Summer prune wall-trained apples by cutting out the thin, whippy branches that have grown this year back to four or five buds to encourage fruiting spurs.
Snip cuttings of your garden herbs
Take cuttings of lavender, rosemary and sage. Pot them up and place in a shaded part of the greenhouse or a shady cold-frame. Take several of each – if they all take you’ll have plants to give to friends, neighbours or school plant stalls! Keep cutting your mint so it doesn’t get leggy and pinch out the tips of basil, lemon balm and oregano. You can use the prunings to flavour your summer cooking.
Peg down the little runners from your strawberry plants to make them root and, once rooted, they can be severed from the parent and transplanted. If you leave runners on it reduces the vigour in the plant.
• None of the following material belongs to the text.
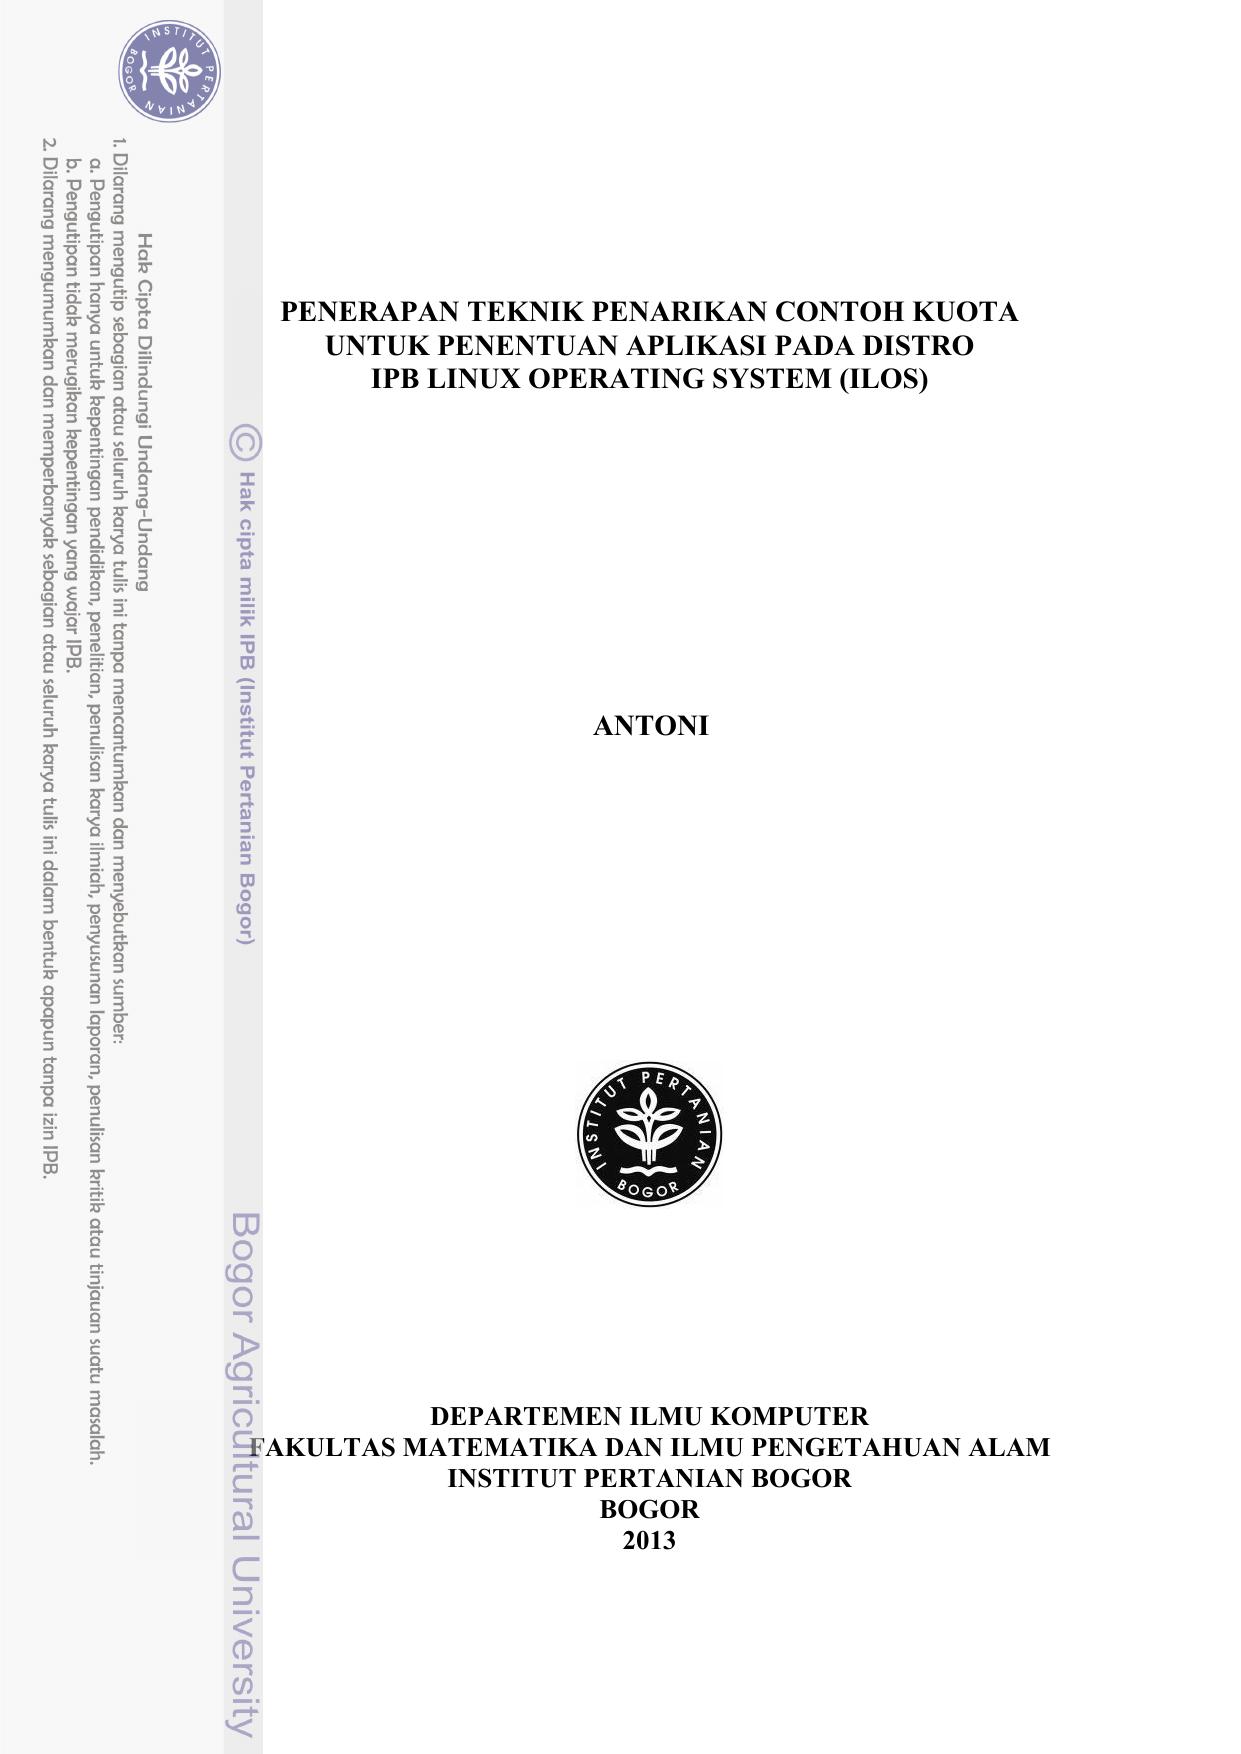 Templat tugas akhir S1 - IPB Repository
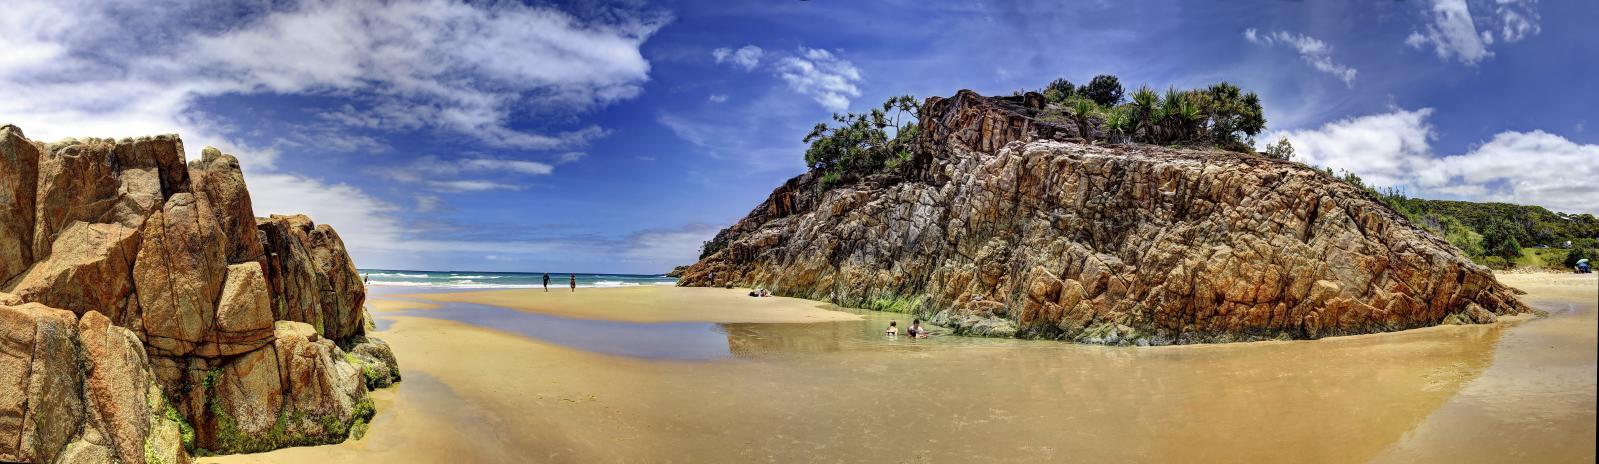 South West Rocks Australia  city photos : ... National Park, at South West Rocks, New South Wales Australia

Iris are such beautiful plants. Now is the time of year to lift and divide large clumps of bearded iris after they have flowered. Use a sharp knife to cut through thick sections of root. Divide into smaller pieces, leaving a couple of fans of leaves on each piece. Trim these leaves by half and replant the rhizome just below the soil level, facing south if possible so that the sun can bake it.
If you have grown early potatoes they should be ready to lift now. Continue sowing ‘cut and come again’ varieties of lettuce in small batches, but keep them out of the hot sun and keep moist but not soaking.
If you notice little metallic beetles on your rosemary you should pick them off and destroy them, as they can do lots of damage to the plant if they are in large numbers.
Prune early summer flowering shrubs
Now is a good time to prune early summer flowering shrubs like Philadelphus, Deutzia, Wiegela and Rubus as they have finished flowering. If you cut out about one in three of the thickest old branches at the base, new shoots will take their place and keep the plant floriferous.
As with all shrubs after pruning, lightly fork in some pelleted chicken manure or balanced fertiliser like Gromore around the base, water well and mulch with some compost or well-rotted manure to give the plant a real boost. Don’t bring the mulch up to touch the stems or they may rot.